-- Exercise description --
Leaving out every picture, transcribe the lines from the line that contains "NII SEE JUHTUS" to the end of the entries below, both ends included.

-- Records to use --
....

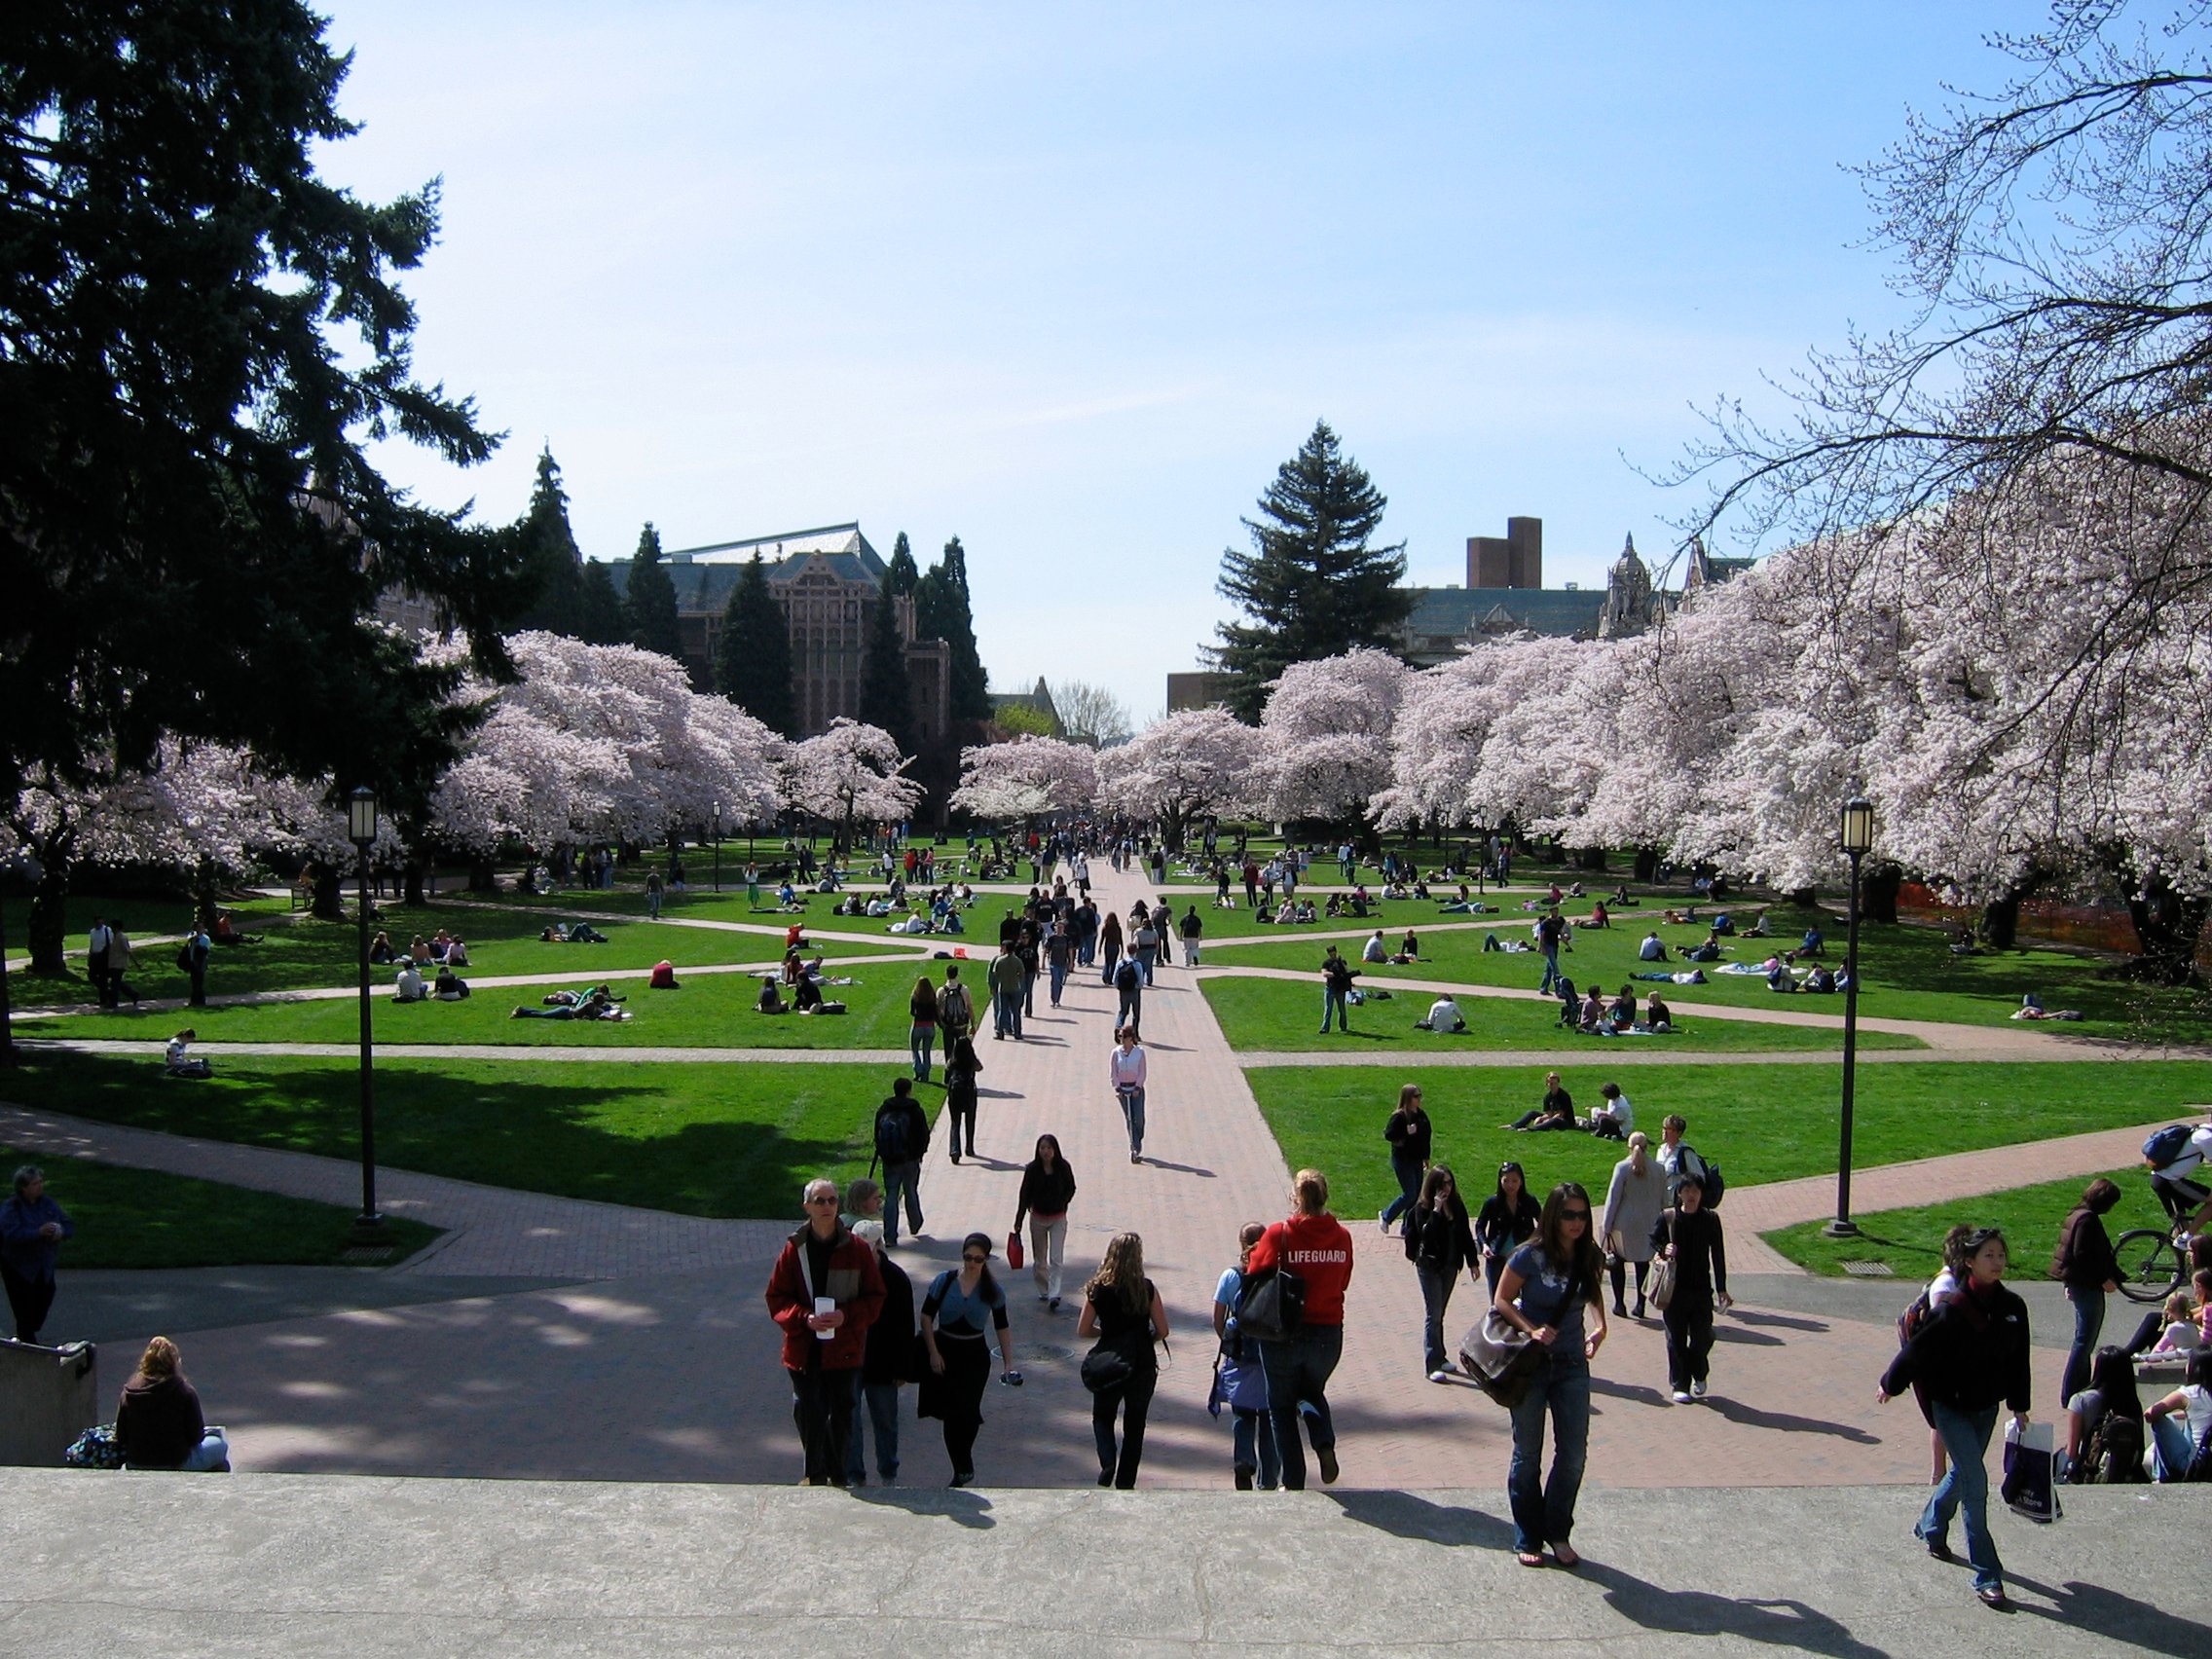 University of Washington, Seattle
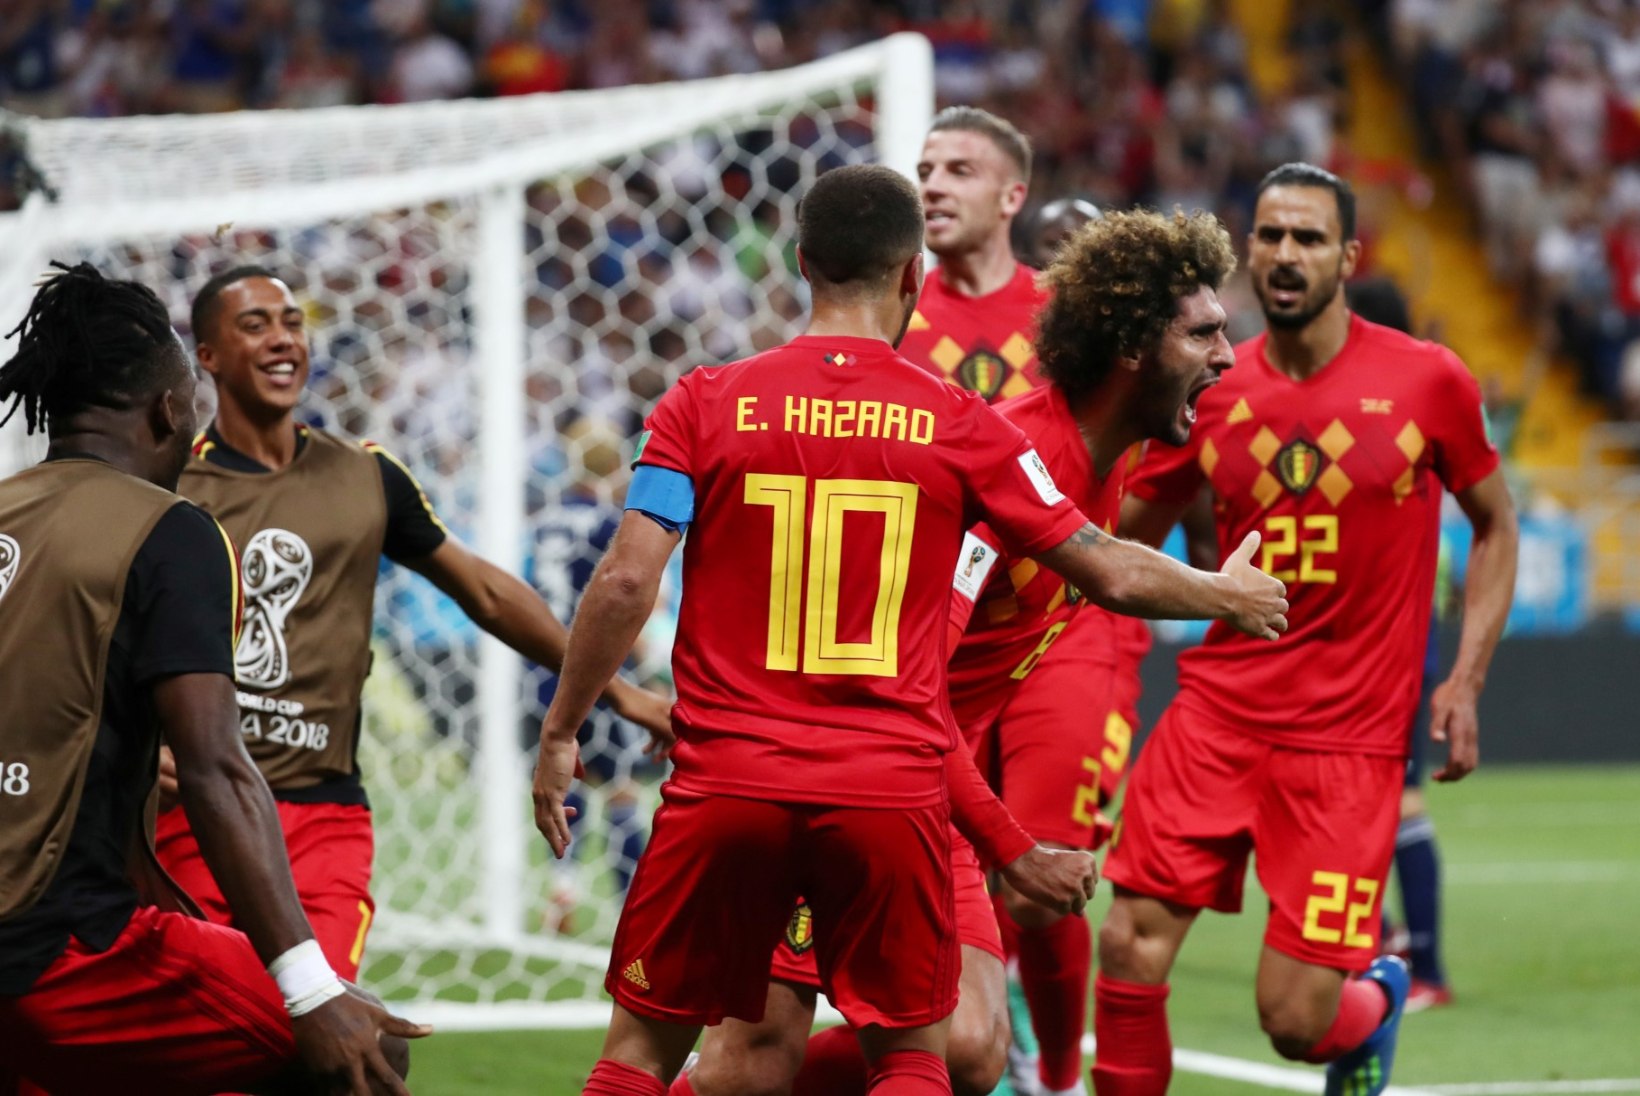 NII SEE JUHTUS | Jalgpalli MM: Belgia pääses ülenoatera, Brasiilia näitas musklit, nüüd madistatakse omavahel
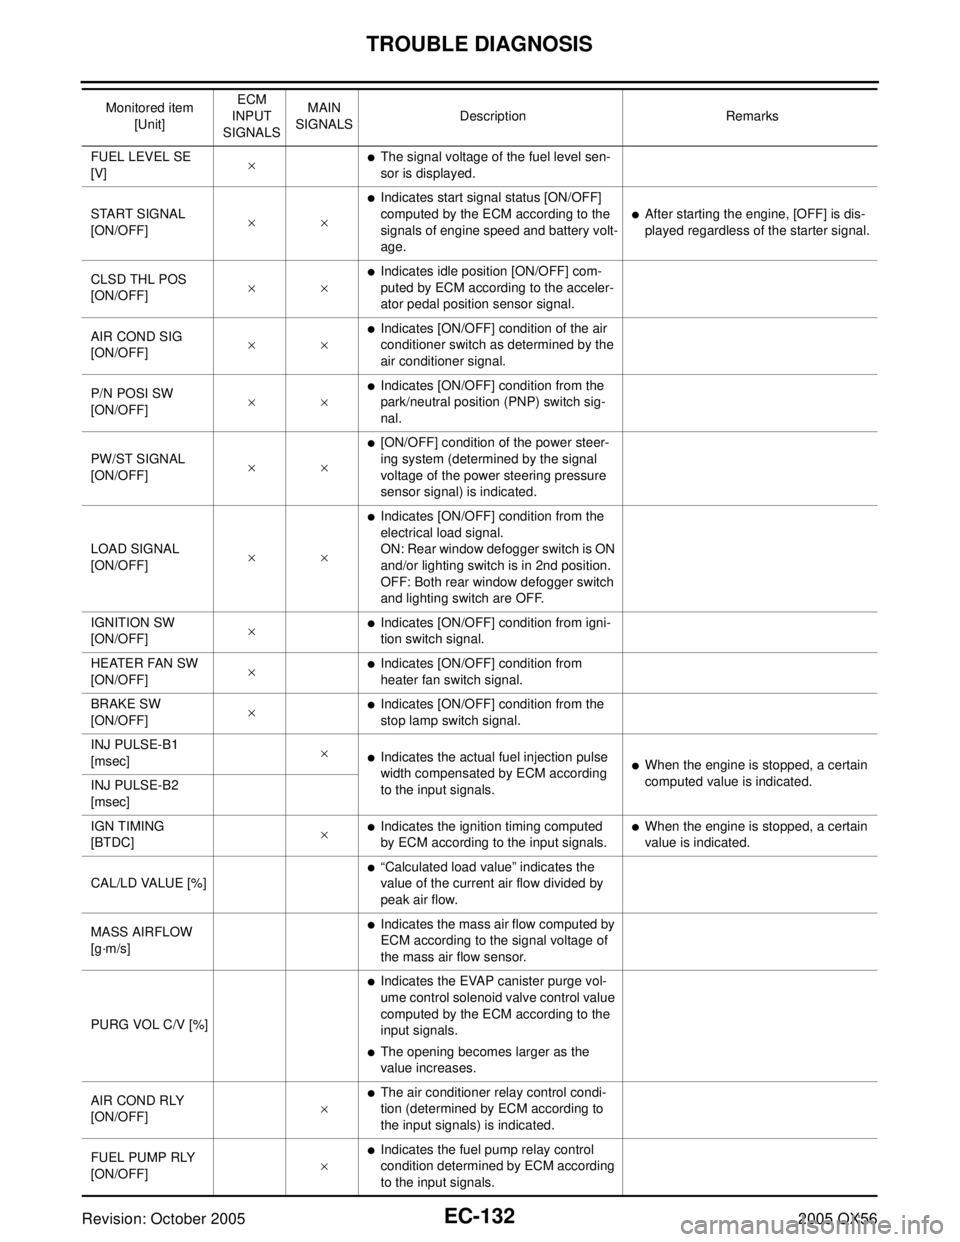 INFINITI QX4 2005  Factory Service Manual EC-132Revision: October 2005
TROUBLE DIAGNOSIS
2005 QX56
FUEL LEVEL SE 
[V]×The signal voltage of the fuel level sen-
sor is displayed.
START SIGNAL 
[ON/OFF]××
Indicates start signal status [ON/
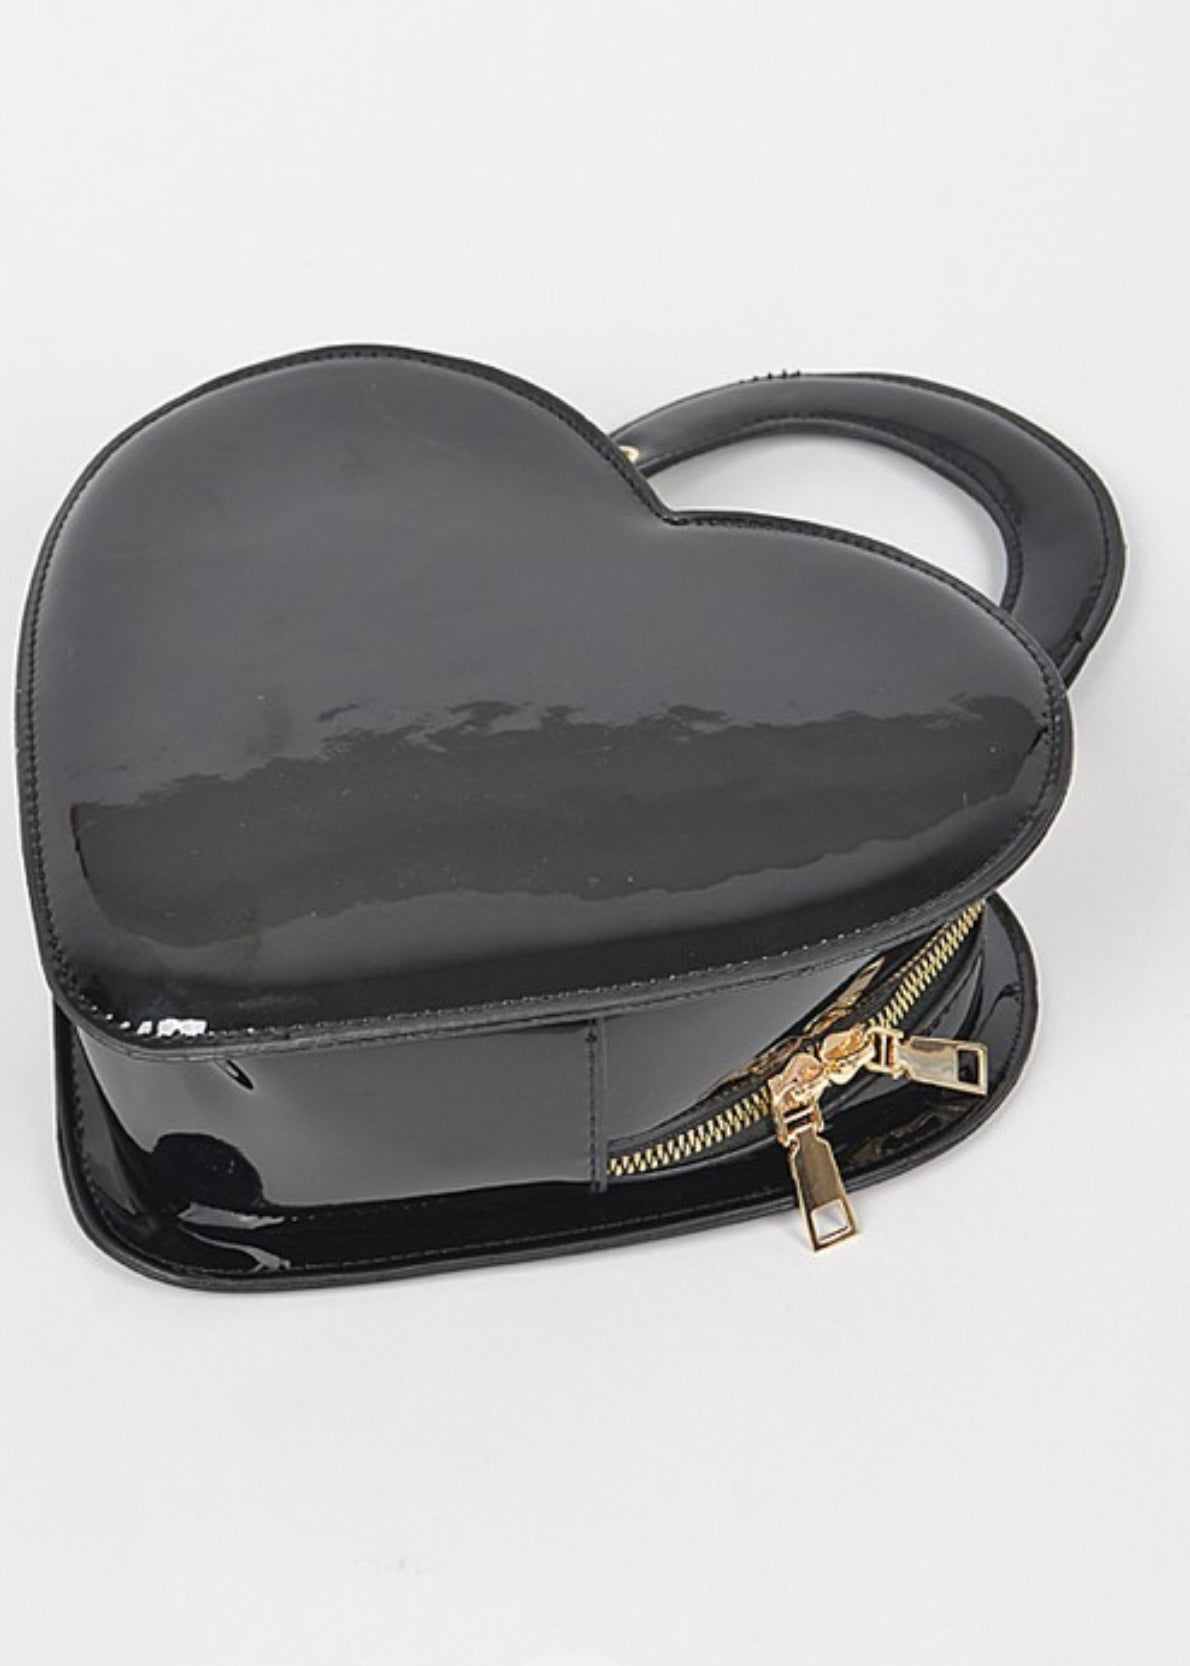 All My Heart : Handbag

....

-- The completed task --
 NII SEE JUHTUS | Jalgpalli MM: Belgia pääses ülenoatera, Brasiilia näitas musklit, nüüd madistatakse omavahel
 INFINITI QX4 2005  Factory Service Manual EC-132Revision: October 2005
TROUBLE DIAGNOSIS
2005 QX56
FUEL LEVEL SE 
[V]×The signal voltage of the fuel level sen-
sor is displayed.
START SIGNAL 
[ON/OFF]××
Indicates start signal status [ON/
 All My Heart : Handbag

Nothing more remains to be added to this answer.